----- Supplied information -----
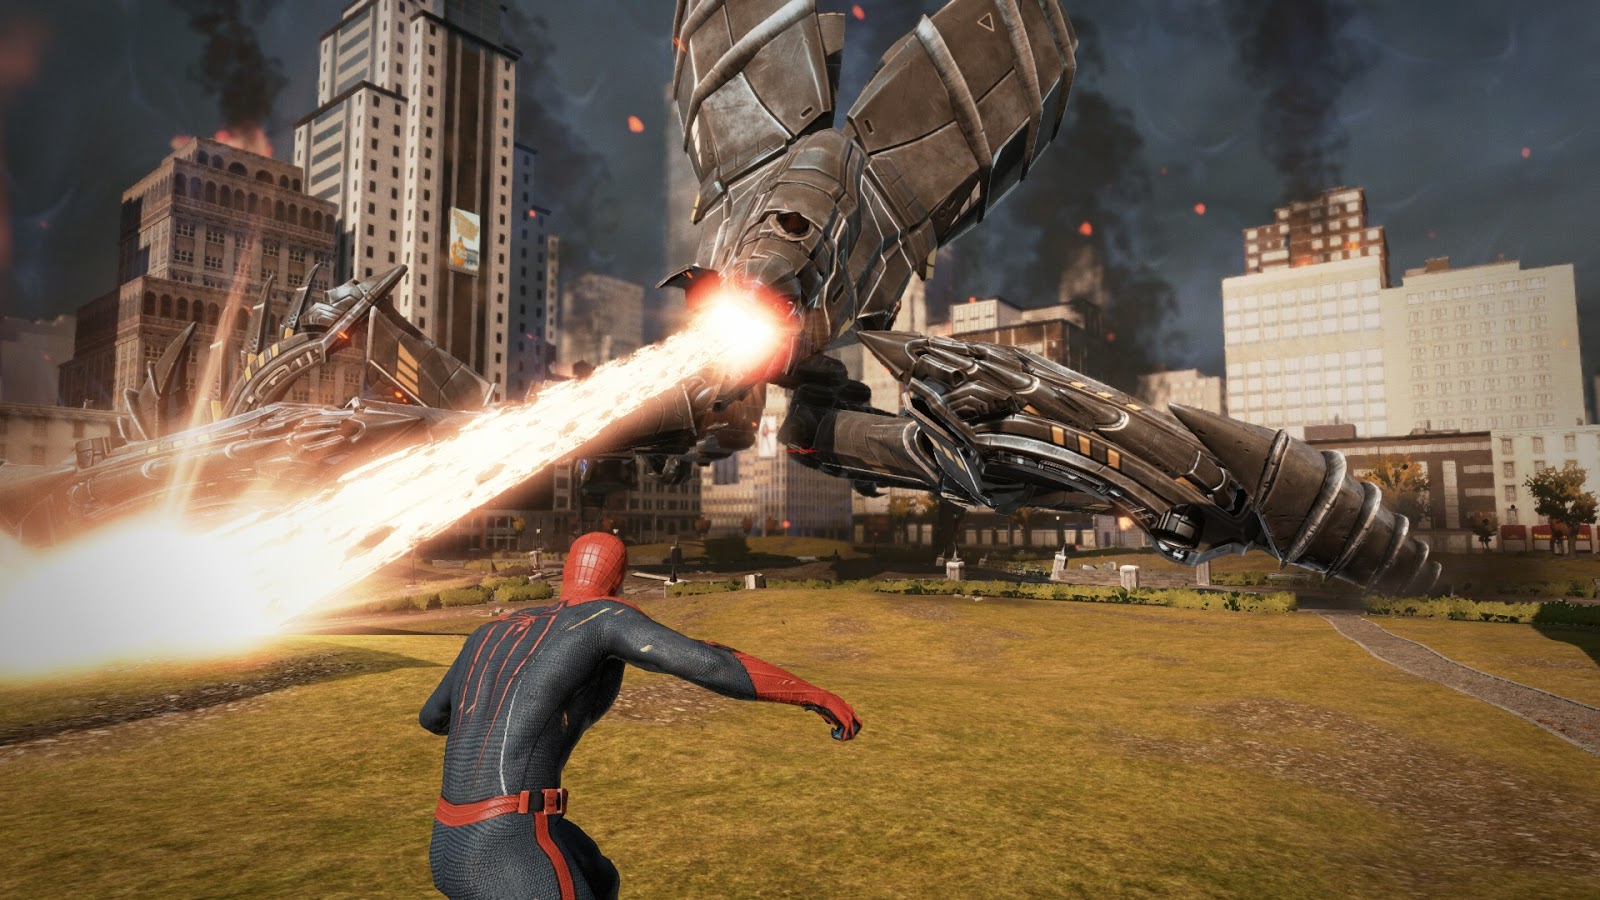 The amazing spider man pc game skidrow crack free download torrent
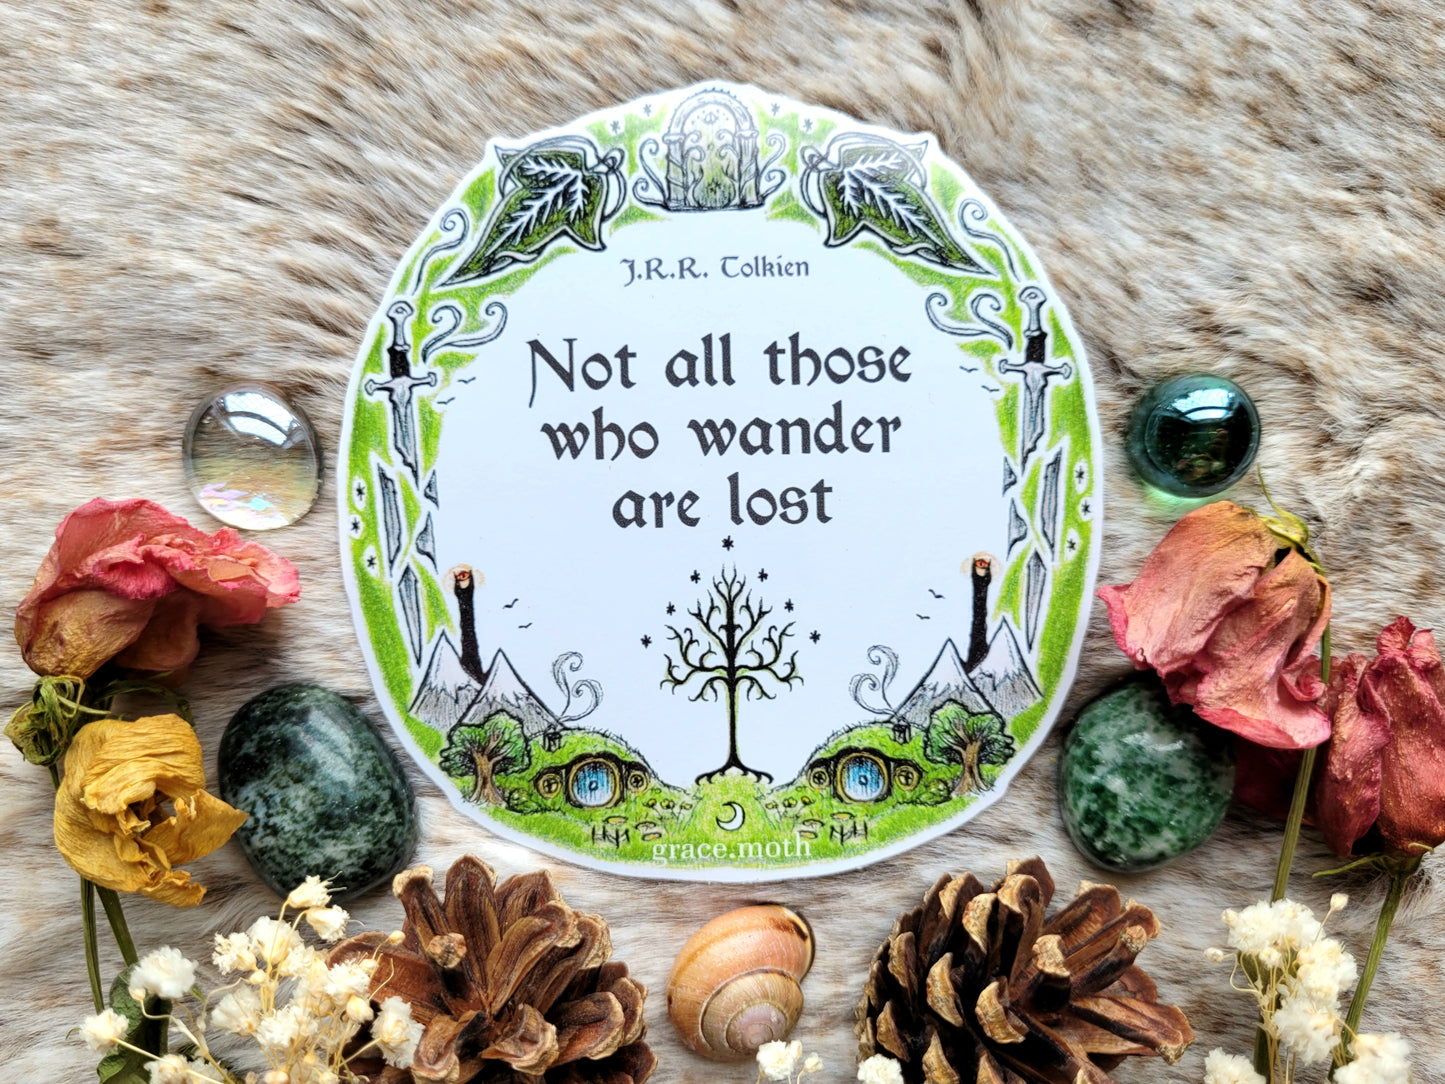 LOTR quote - Vinyl Sticker 10cm - Not all those who wander are lost - Lord of the rings - Cottagecore - Witchy - Gothic - Illustrated by Grace moth
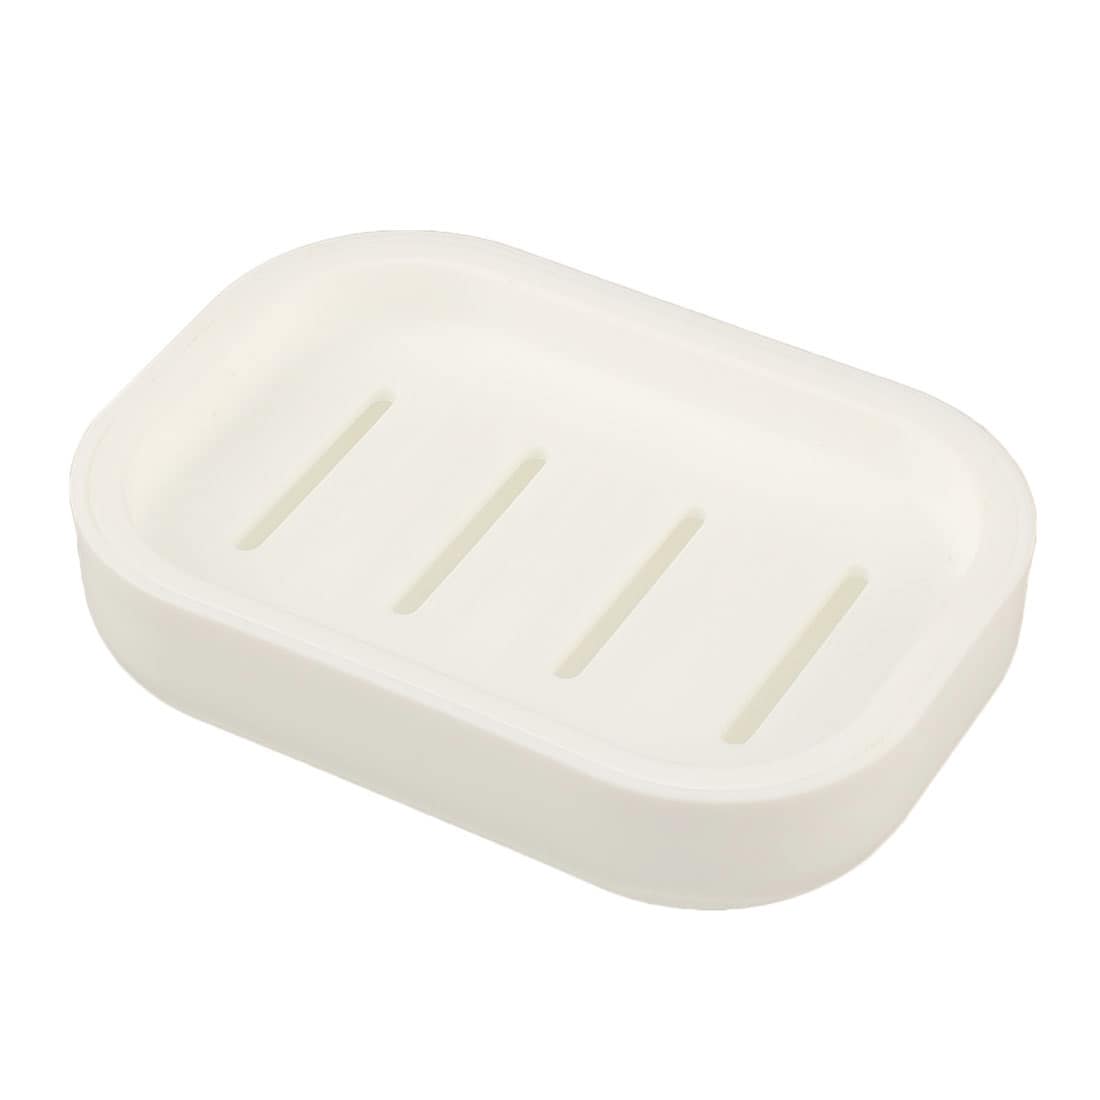 https://ak1.ostkcdn.com/images/products/is/images/direct/e34c840acd066faf86871895c76a758b6249ab28/Home-Bathroom-Plastic-Rectangle-Shower-Soap-Holder-Draining-Box-Case-Dish-White.jpg
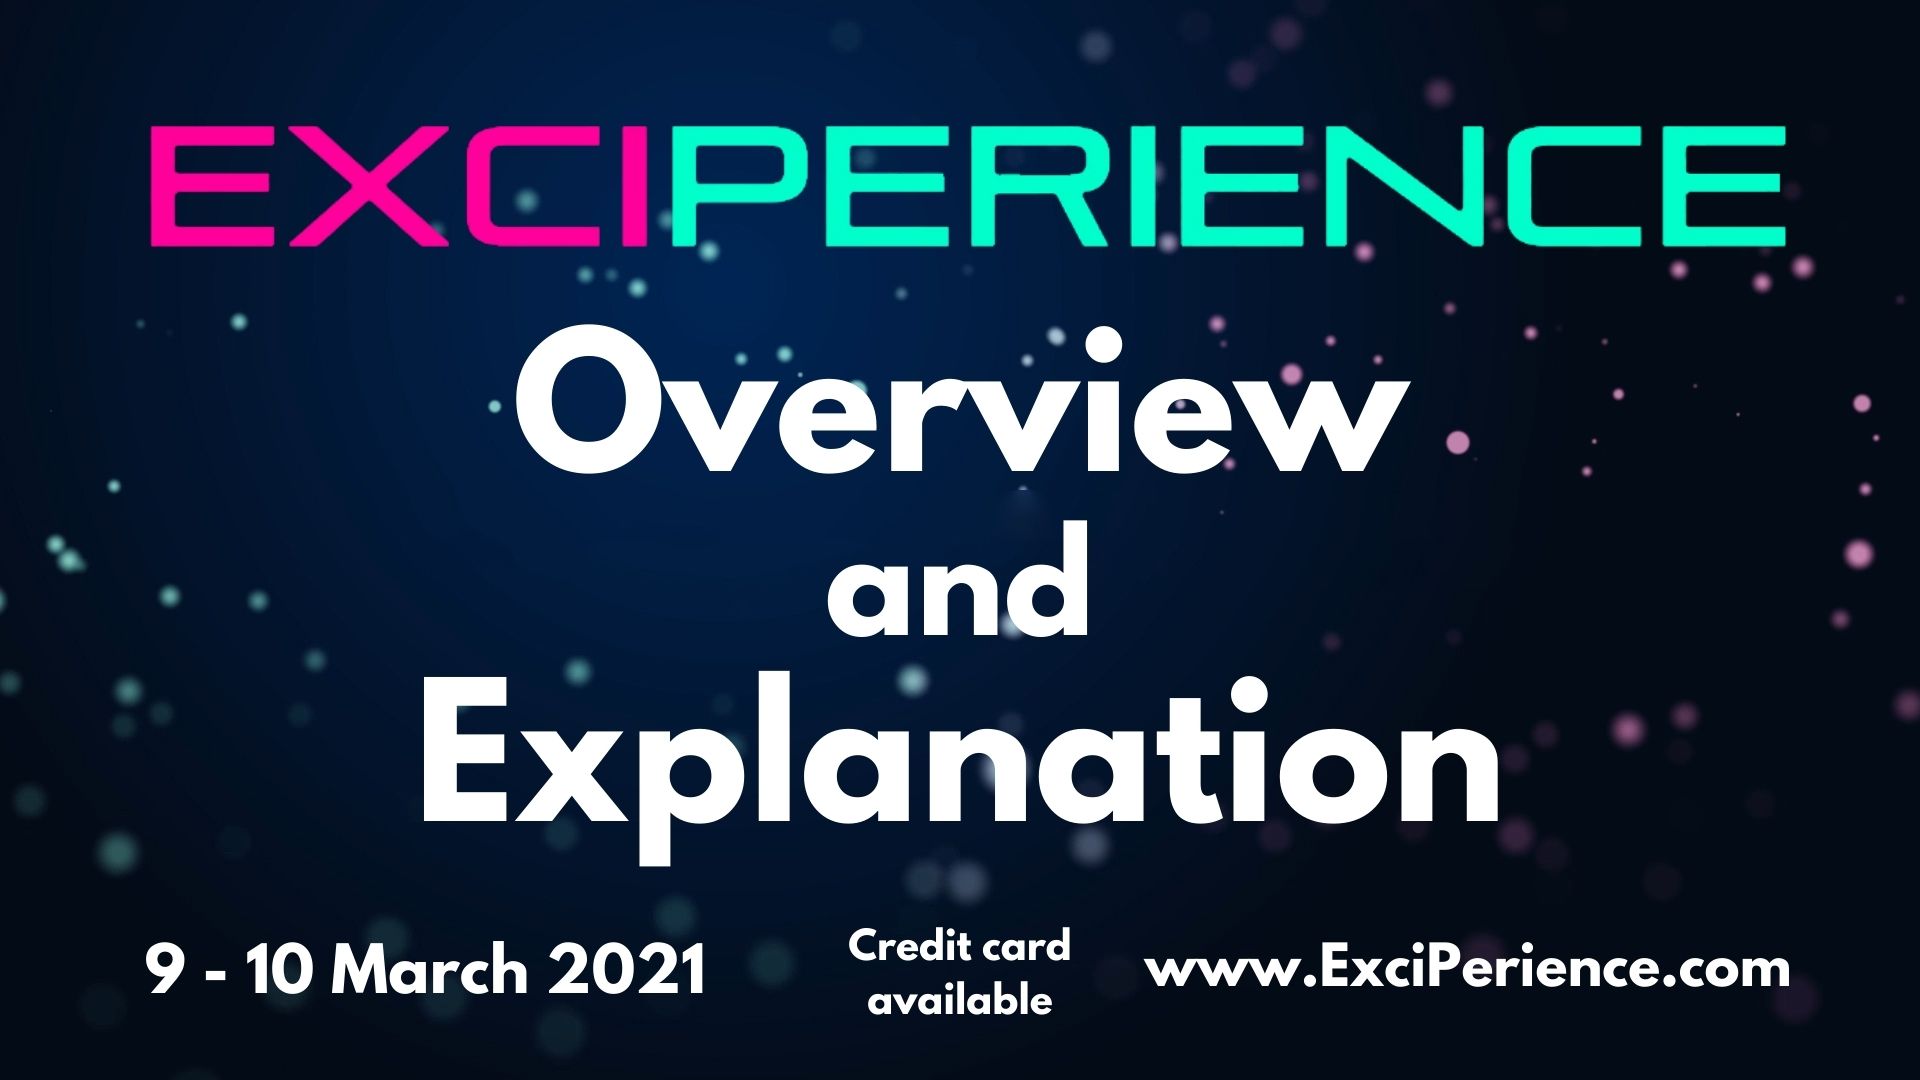 ExciPerience - The complete overview and explanation
-----
[Description of the task]: In full and without any pictures, print the listing above exactly.

[Final answer]:
 The amazing spider man pc game skidrow crack free download torrent
 LOTR quote - Vinyl Sticker 10cm - Not all those who wander are lost - Lord of the rings - Cottagecore - Witchy - Gothic - Illustrated by Grace moth
 https://ak1.ostkcdn.com/images/products/is/images/direct/e34c840acd066faf86871895c76a758b6249ab28/Home-Bathroom-Plastic-Rectangle-Shower-Soap-Holder-Draining-Box-Case-Dish-White.jpg
 ExciPerience - The complete overview and explanation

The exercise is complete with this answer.